The embeddings vectors generated by the transform are useful for tasks like sentence similarity, features extraction, etc which are also at the core of retrieval-augmented generation (RAG) applications.

Running

Parameters

The transform can be tuned with the following parameters.

Parameter Default Description
model_name BAAI/bge-small-en-v1.5 The HF model to use for encoding the text.
content_column_name contents Name of the column containing the text to be encoded.
output_embeddings_column_name embeddings Column name to store the embeddings in the output table.
output_path_column_name doc_path Column name to store the document path of the chunk in the output table.

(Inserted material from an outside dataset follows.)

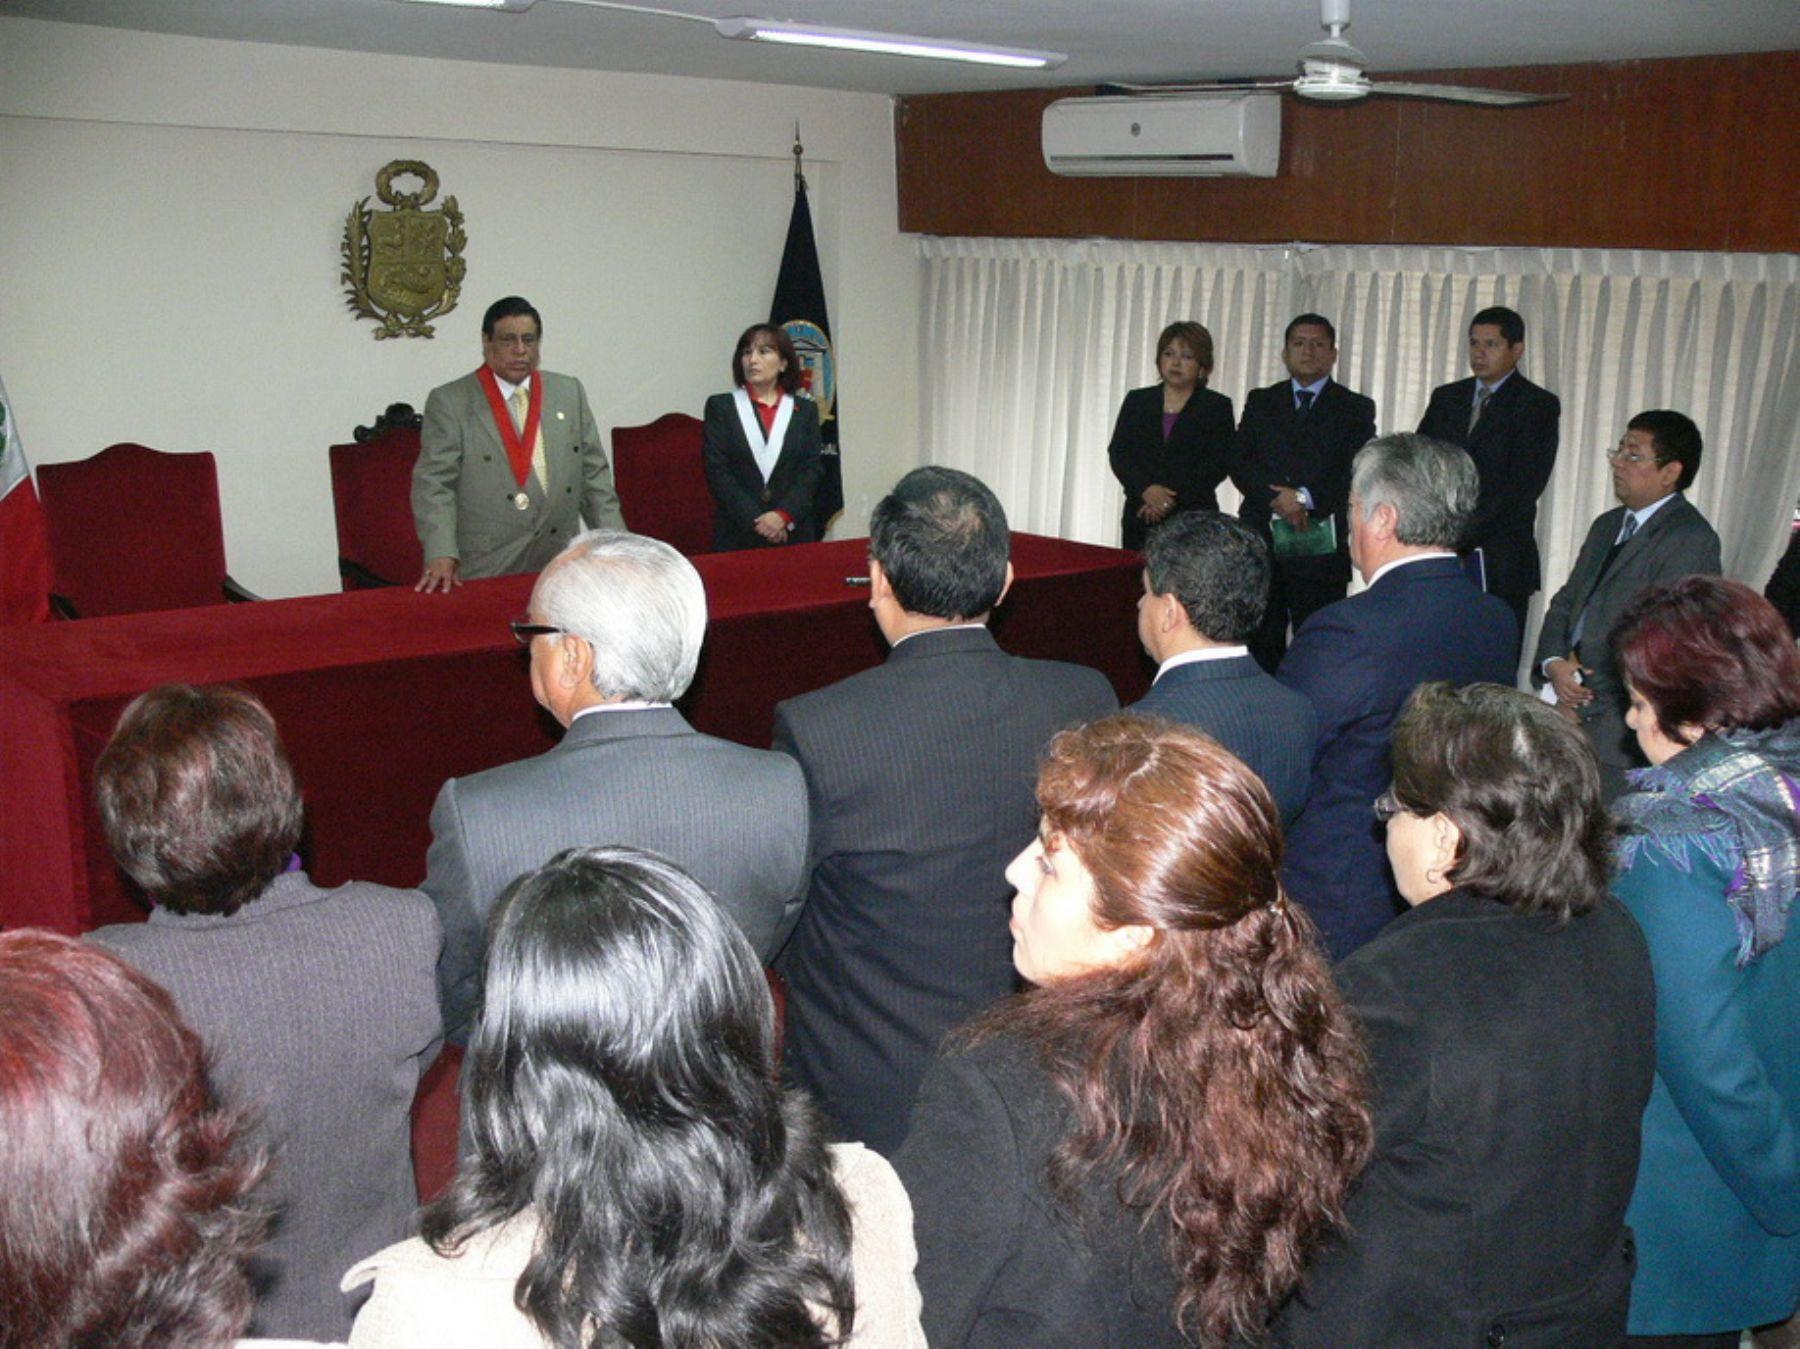 Presidente de la Corte de Lima, César Vega Vega, se dirige a los magistrados y personal jurisdiccional durante visita inopinada. Foto: Corte de Lima.

When invoking the CLI, the parameters must be set as --text_encoder_<name>, e.g. --text_encoder_column_name_key=myoutput.

Running the samples

To run the samples, use the following make targets

  • run-cli-sample - runs src/text_encoder_transform.py using command line args
  • run-local-sample - runs src/text_encoder_local.py

These targets will activate the virtual environment and set up any configuration needed. Use the -n option of make to see the detail of what is done to run the sample.

For example,

make run-cli-sample
...
Then
ls output
To see results of the transform.

Transforming data using the transform image

To use the transform image to transform your data, please refer to the running images quickstart, substituting the name of this transform image and runtime as appropriate.